Advances in phenotype data collection have increased, with internet and mobile technologies now being explored for faster and broader phenotyping in large populations41. Our study collected data online, through internet-linked systems which allows for valuable insights into population health and lifestyle through easily self-reported data and a wide geographic reach43,44 However, this approach also has drawbacks, such as technological bias from excluding individuals without internet access or limited computer skills45. Additionally, there is no control over who completes the questionnaire or the influence of others on responses46. Self-reported methods may also lead to inaccuracies47, such as participants underestimating their weight and overestimating their height48,49, often resulting in selection, measurement and response biases.
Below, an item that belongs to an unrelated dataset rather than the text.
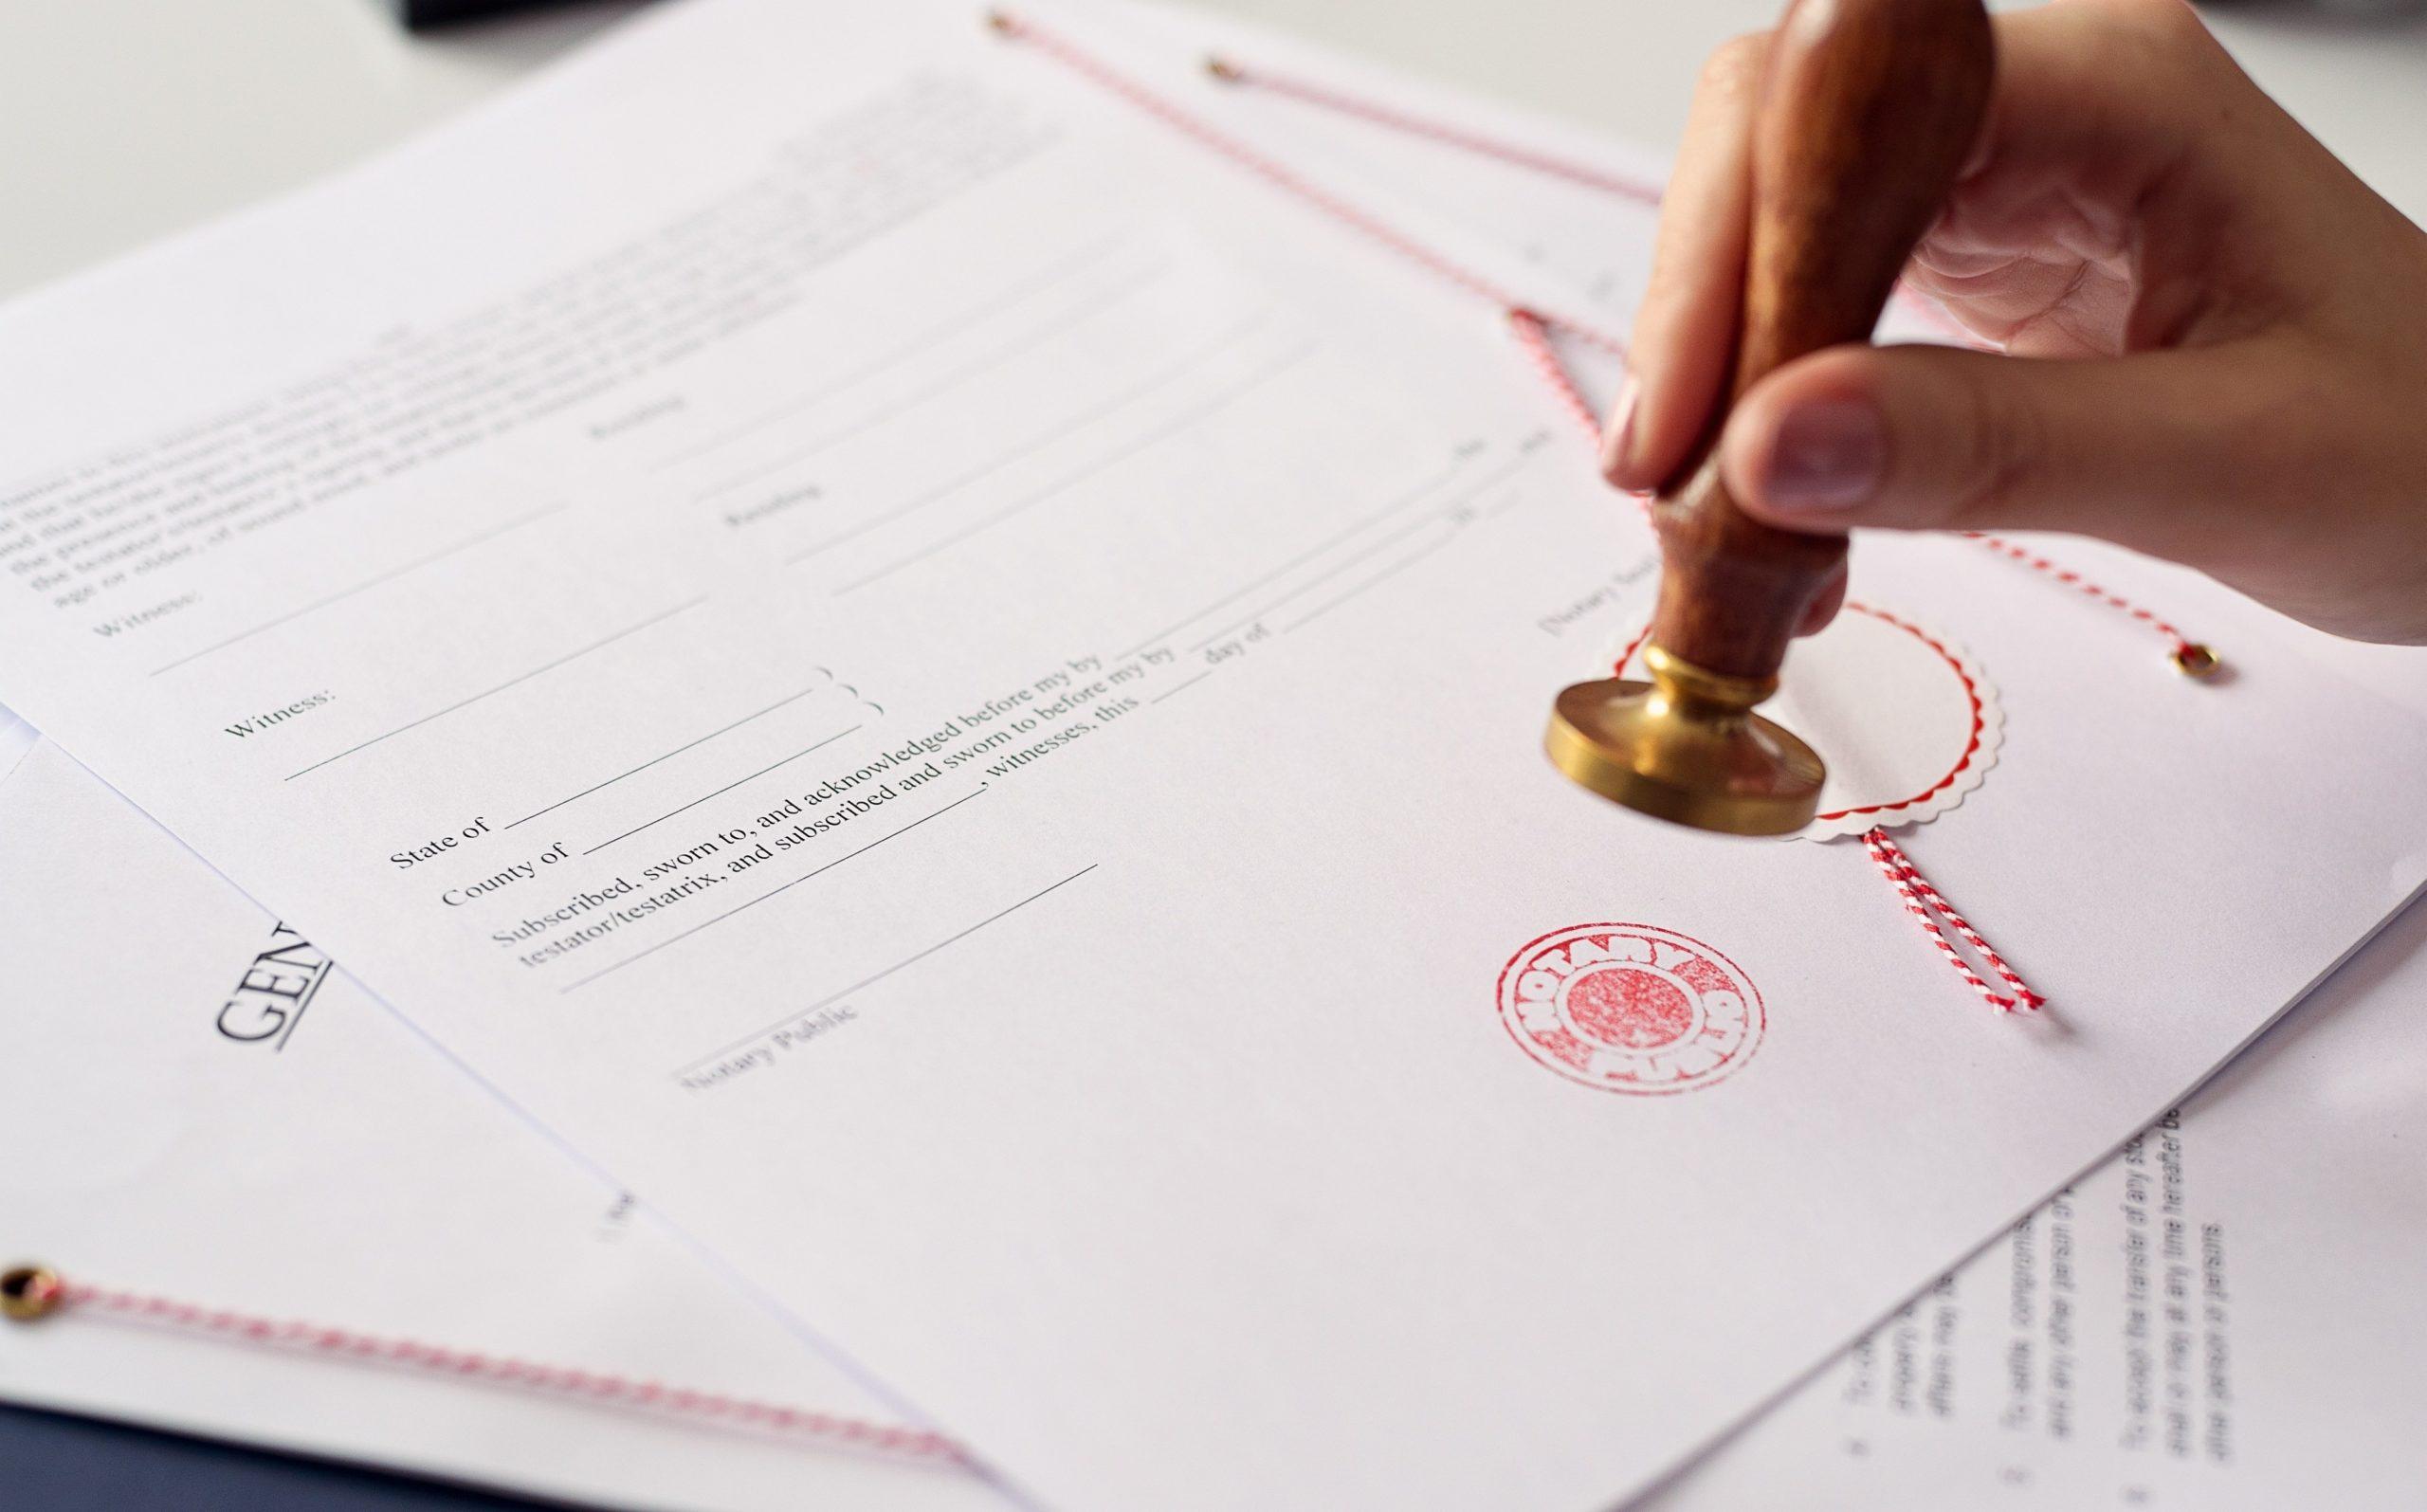 Условия признания незаконной исполнительной надписи нотариуса об обращении взыскания на предмет залога.
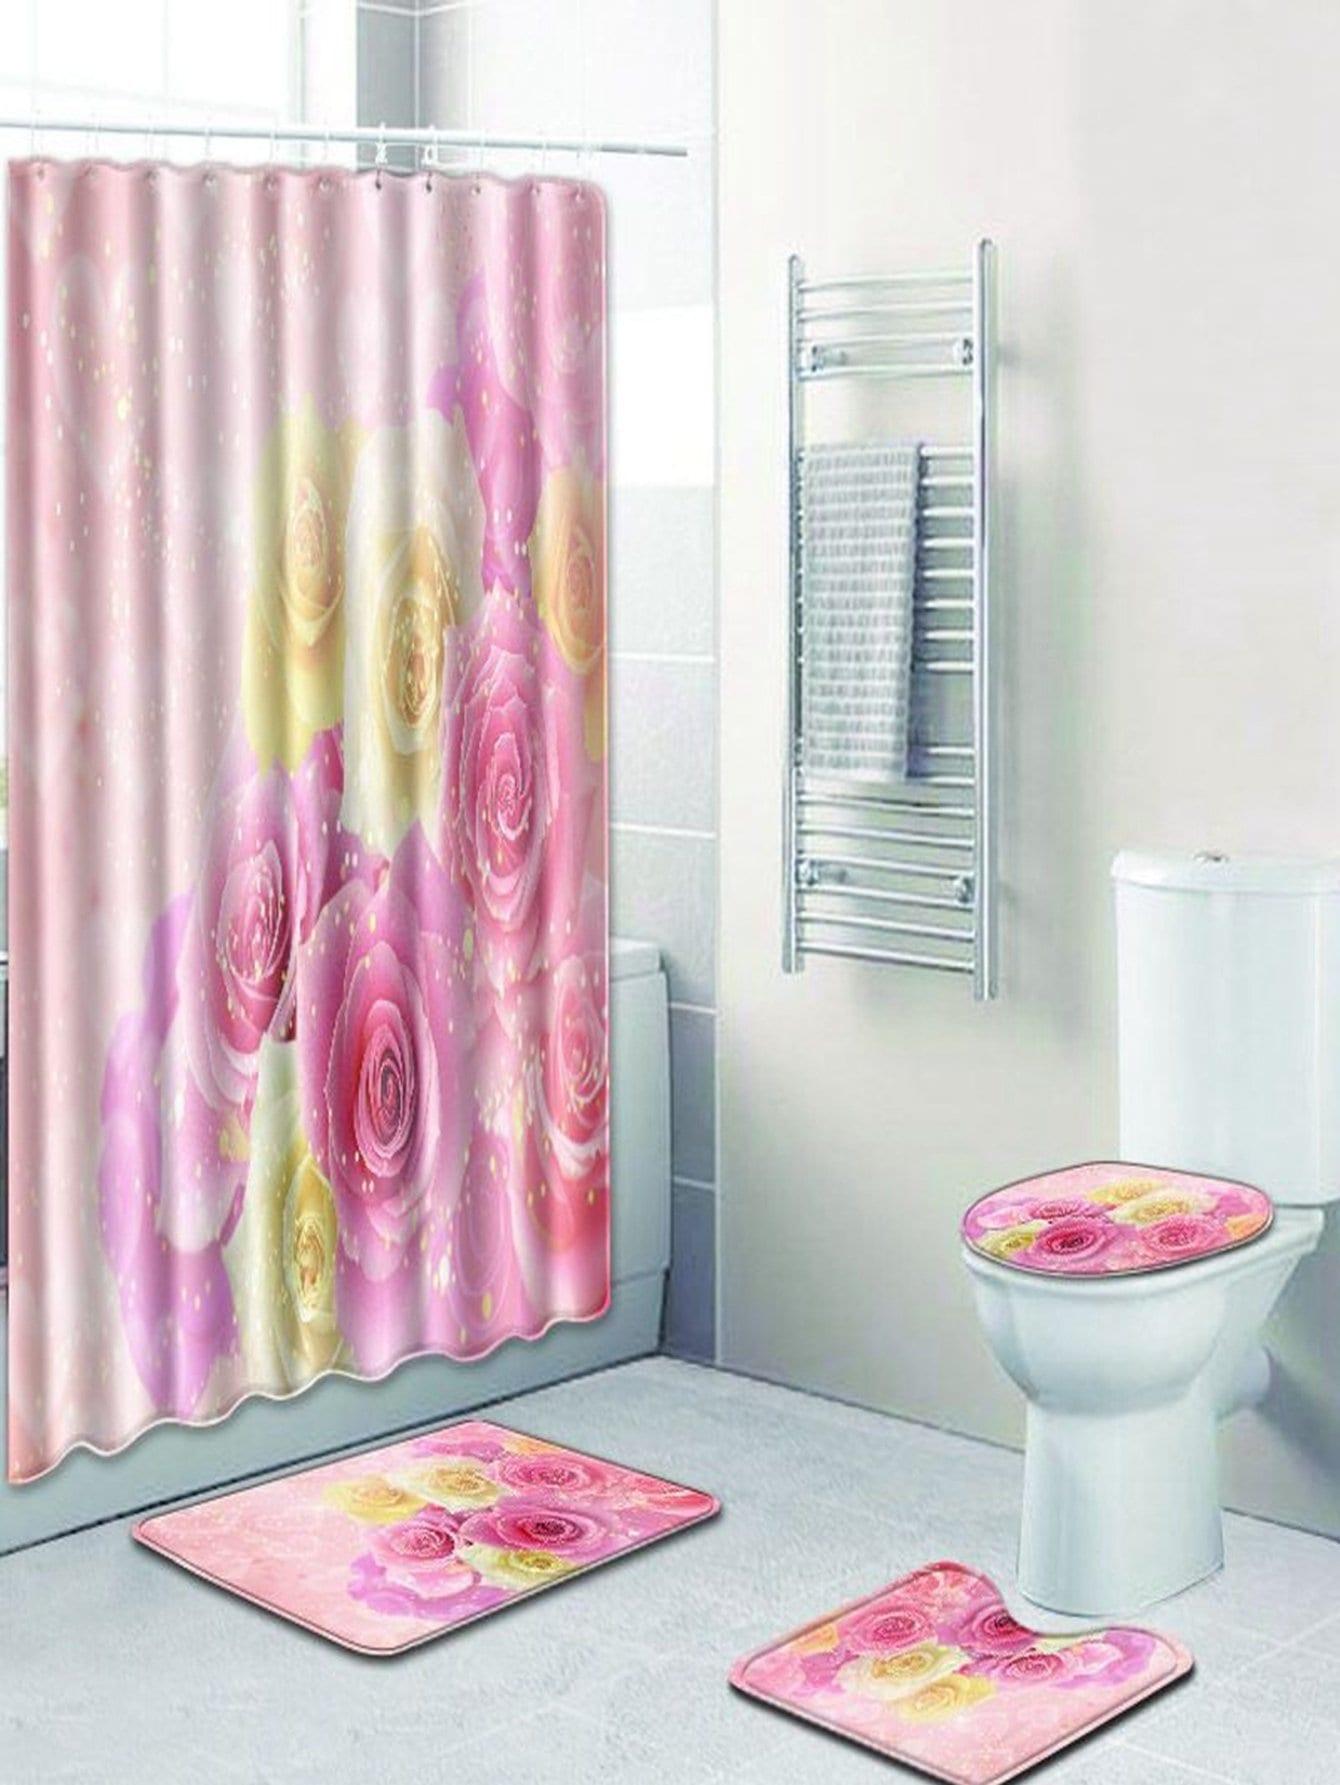 Купить 12 крючков цветочные душ шторы и ковер 3шт., null, SheIn

In this context, strengths and weaknesses of online surveys compared to face-to-face consultations for health screening have been previously studied50. It is worth noting that the validity of self-reported data collection has been supported by studies such as the SUN cohort51, Food4Me52,53, Nurses’ Health Study54, Health Professionals Follow-up Study55, and PROM study56, which support the validity of the findings obtained through online recruited populations and the reliability of the data in terms of representativeness, legitimacy, and timeliness, covering health, sociodemographic, anthropometric, dietary and lifestyle data. The PREDIMED study also supports the online methodology, showing that remote nutritional intervention appears to be effective in increasing adherence to the Mediterranean diet pattern57. Furthermore, the large sample size and use of multiple online platforms improve sample diversity, enhancing heterogeneity and representation47. Another advantage of surveys is that they are conducted in natural settings and typically involve simpler random probability sampling compared to experimental studies. This approach allows statistical inferences about the broader population, enhancing the study’s external validity46. Furthermore, this approach avoids interviewer bias and is beneficial for sensitive topics due to the increased anonymity. However, it is suitable only when questions are clear, simple, and the population is literate and speaks a common language46. Another significant strength was the possibility of collecting a wide range of information using validated tools. While web-based methods offer quick and broad data access easily applicable in healthcare settings, further research is needed to determine whether these strategies can improve prognostic accuracy beyond traditional models for preventing chronic disease and public health actions.

On the other hand, our analysis is limited to available dataset variables; clustering outcomes depend on selected variables’ quality and data completeness16. Machine-learning models lack easily interpretable variable coefficients, hindering causal relationship establishment. Furthermore, additional validation in diverse populations and with different risk stratification methods is convenient for cluster analysis wider applications16.

Personalized medicine at individual level requires costly and complex data collection and accurate models for tailored advice. Alternatively, group-level personalization is a more practical option19. Our online study’s clustering algorithm may offer a solution to these challenges in clinical settings by quantitatively integrating information. To our knowledge, this is the pioneering study of its kind, with specific focus on preventing chronic disease. This approach aids in understanding health variability and offers potential for targeted interventions. The innovative algorithm and accurately classified individual phenotypes, will contribute to precision well-being knowledge and personalized interventions for chronic disease prevention and public health policies implementation in extensive online populations using web-based tools.